Personal information
- Full name: Ihor Romanovych Pokydko
- Date of birth: 15 February 1965 (age 60)
- Place of birth: Ternopil, Ukrainian SSR
- Height: 1.79 m (5 ft 10 in)
- Position(s): Defender

Senior career*
- Years: Team / Apps / (Gls)
- 1988–1992: Nyva Ternopil / 143 / (3)
- 1992–1993: Veres Rivne / 14 / (3)
- 1994: Nyva Ternopil / 7 / (0)

International career
- 1992: Ukraine / 1 / (0)

= Ihor Pokydko =

Ukrainian footballer

Ihor Romanovych Pokydko (Ігор Романович Покидько; born 15 February 1965) is a Ukrainian professional football referee and a former player.

==Club career==
As a player, he made his professional debut in the Soviet Second League in 1988 for FC Nyva Ternopil.
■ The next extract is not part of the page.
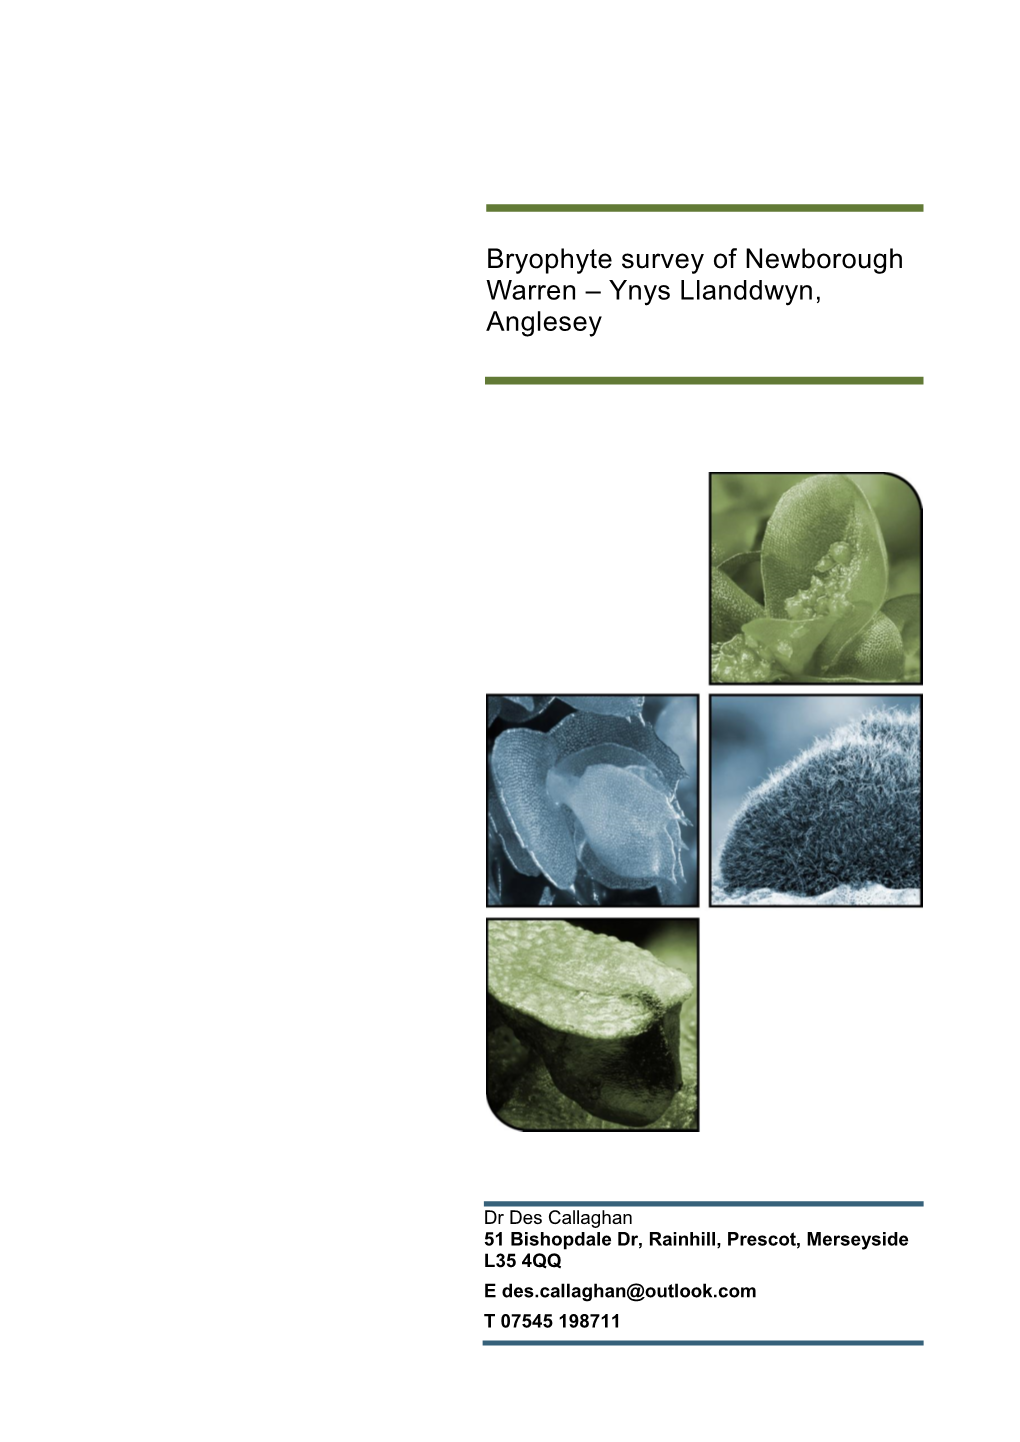 Bryophyte Survey of Newborough Warren – Ynys Llanddwyn, Anglesey

Following the dissolution of the Soviet Union and admission of Nyva to the top tier, in 1992 he debuted in the Vyshcha Liha.

==International career==
He made his only Ukraine national football team appearance on 27 June 1992 in an away friendly against the United States, a 0–0 away draw.

==Referee career==
As a referee, he started already in 1993 serving matches of regional competitions. Since 1998 Pokydko was refereeing for professional competitions retiring in 2011.